West Nottinghamshire College, Barnfield College in Luton, Hull College and New College Durham accepted invitations to consider running some of the first “accredited schools groups”, announced in the white paper Your Child, Your Schools, Our Future on Tuesday.

A Pounds 20 million fund will be set up to develop the capacity of accredited providers to take on underperforming schools, and local authorities will be obliged to consider using these groups in cases of failure.

Elaine McMahon, principal of Hull College, said it already had a long- standing involvement in education for under-16s and was opening an academy in September.

“We have 1,200 young people aged 14 to 16 from schools in every day,” she said. “More and more we work as a part of the community, as leaders in partnership with the local authority and schools. The standard of education and training in the whole community is critical.”

Other potential school troubleshooters include universities and successful state and private schools.

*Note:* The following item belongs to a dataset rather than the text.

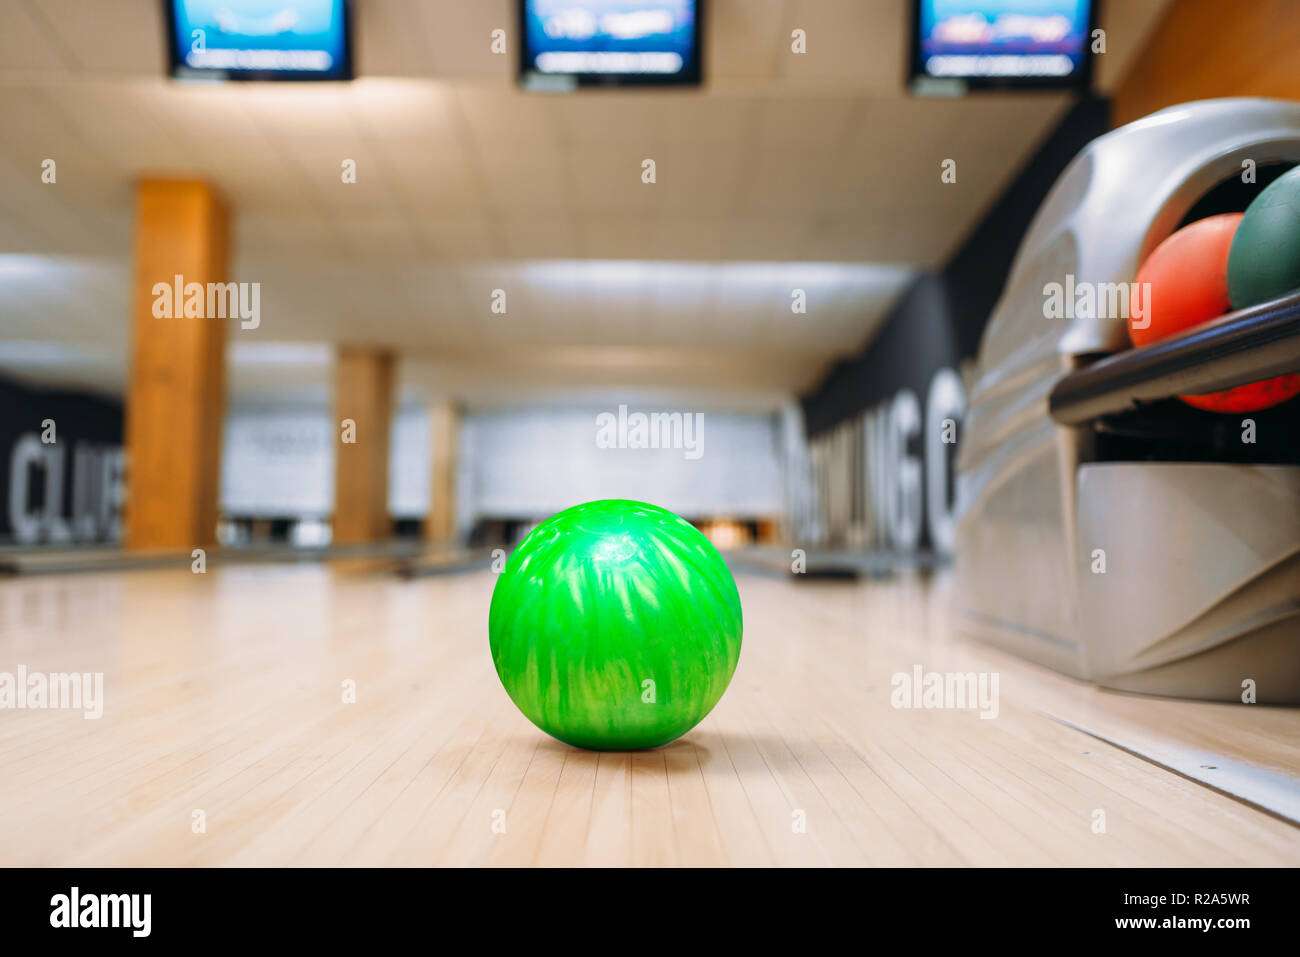 Green bowling ball on wooden floor in club, closeup view, nobody. Bowl game concept Stock Photo
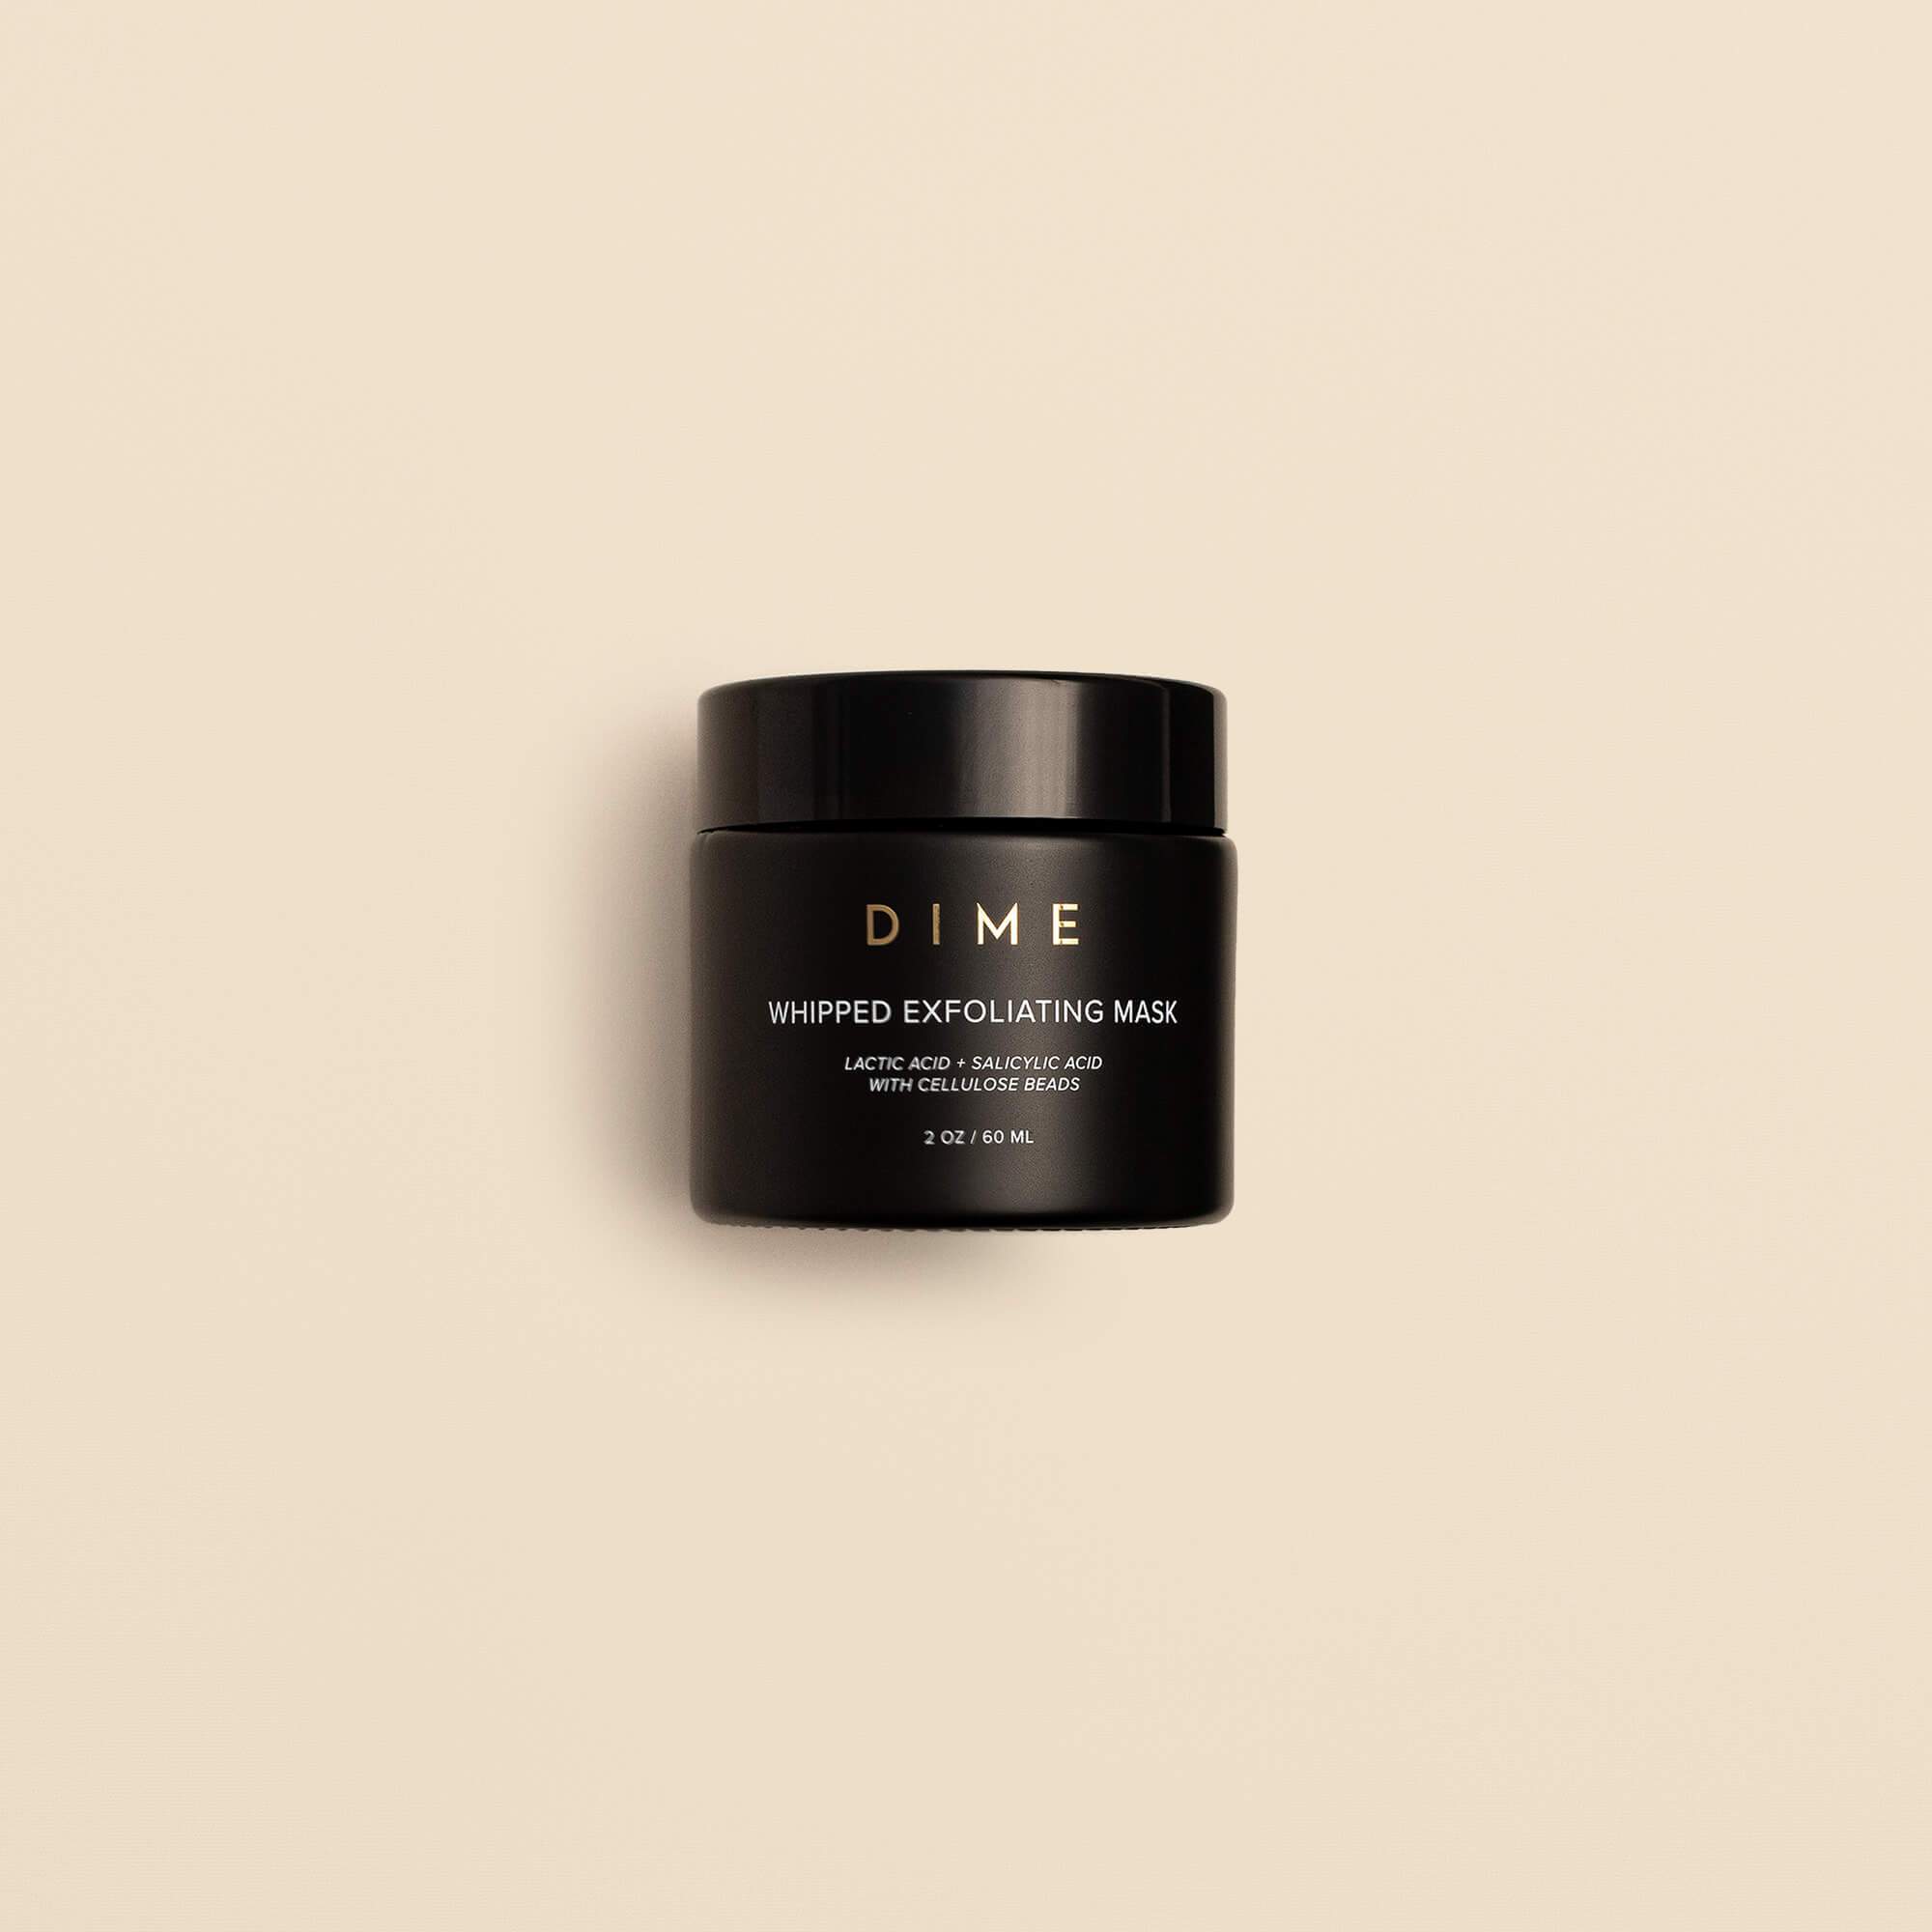 DIME Beauty - Whipped Exfoliating Mask

The white paper also proposed developing a national 14-19 funding formula in the long term, which could close the gap between schools and colleges. The formula could include a rating system designed to ensure the institutions that did best for their students were rewarded.

Colleges are also set to be given grades aimed at helping people choose an institution, with the development of a Framework for Excellence report card for post-16 education. It will be based on existing performance indicators as well as the quality of information and advice given to choose a path of study.